Marcel Grunauer wrote:
> 
> Hey Brian,
> 
> > Neil and I came up with this patch that makes your code sooooo much
> > better. You can use it later today when Inline::Files hits the CPAN.
> >
> > ---8<---
> > --- bad Fri May 25 11:10:33 2001
> > +++ good        Fri May 25 11:18:02 2001
> 
> I take it you don't like it, then? :)

Marcel,

Actually when I first saw it, I thought 'cool'. But as I looked closer
it just didn't seem to simplify anything. And as I hash it around in my
head, I just can't come up with anything really nice using attributes.

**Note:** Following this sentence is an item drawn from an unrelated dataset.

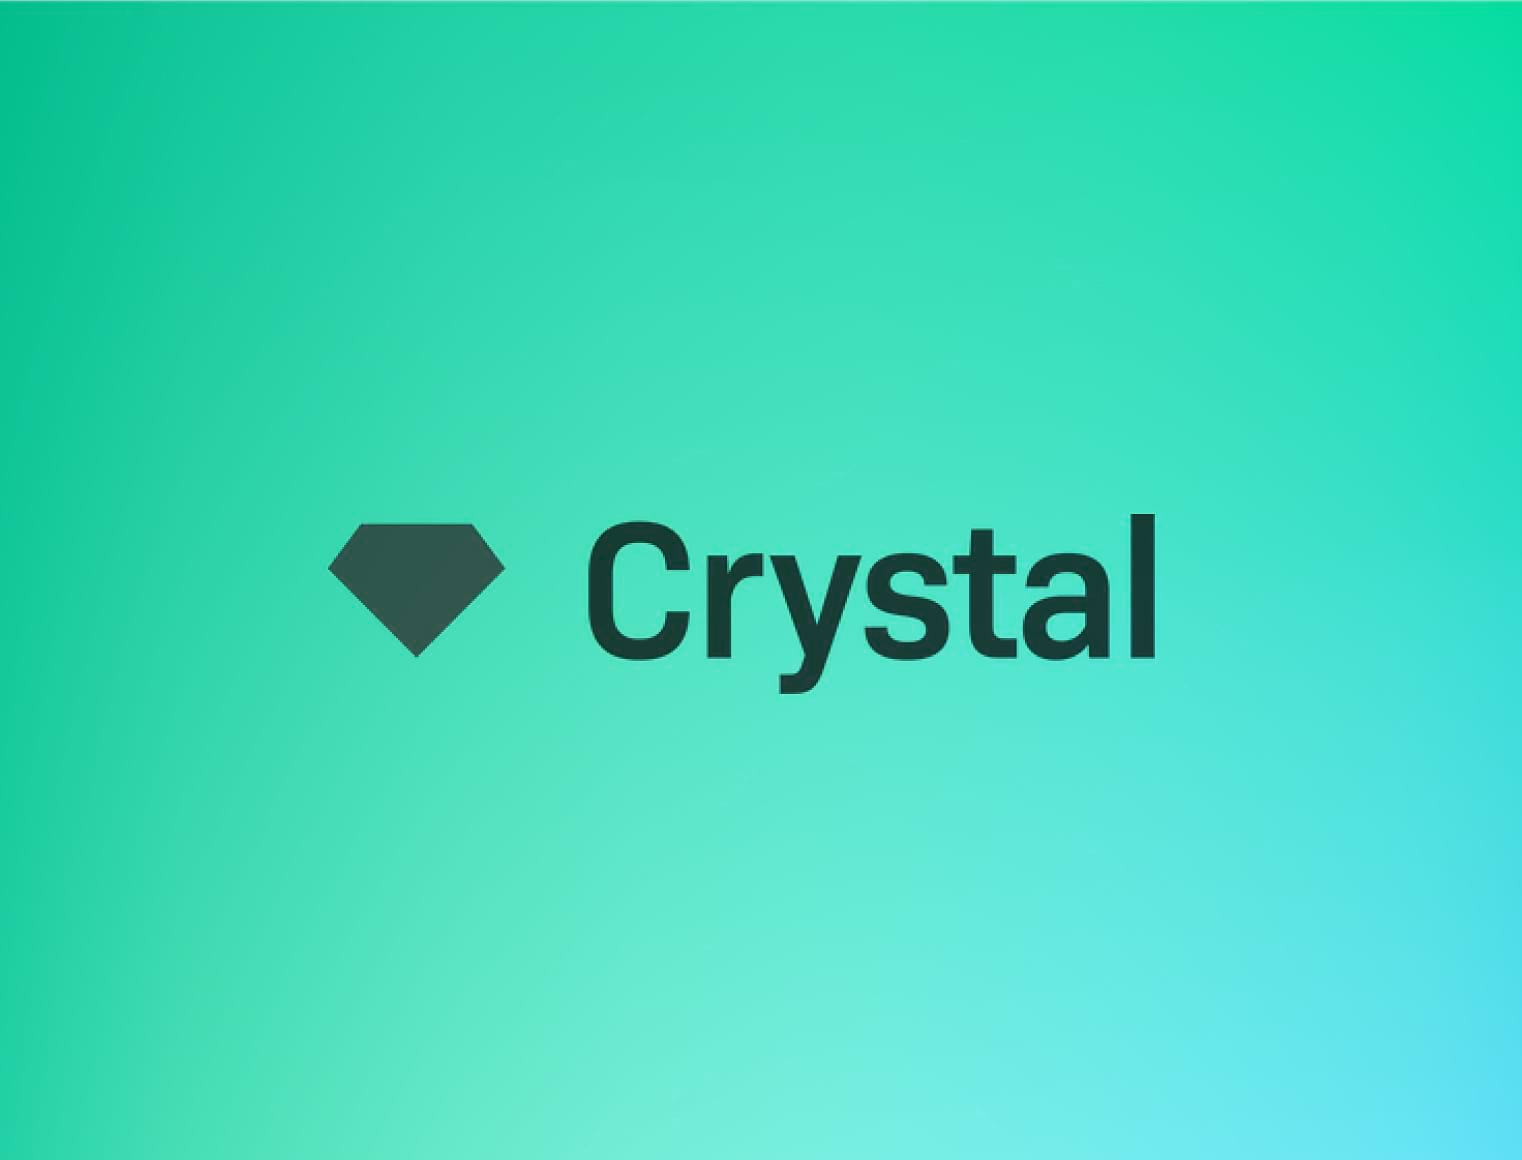 ETC Group nomme Crystal, leader de l'analyse de la blockchain, pour fournir des services d'analyse | ETC Group

Inline works well at so many levels. It really scales surprisingly well.
And it's so clean at this point, I just can't see that rearranging it to
look different would gain anything. 

I don't like to add stuff to Inline without several good reasons. I
mainly look for things to take away. 

Inline::Files takes away the '__END__' statement but that's not my real
rationale for it. It adds semantic consistency and the promise of better
debugging. Those are valuable.

> 
> Oh well, it wasn't so pretty, and it only would have made sense with
> default options of Inline (as this kind of syntax probably wouldn't
> have allowed you to change options easily - and ease of use was the
> idea here).

True. True.

> 
> Never mind, I'm just going attribute-crazy at the moment.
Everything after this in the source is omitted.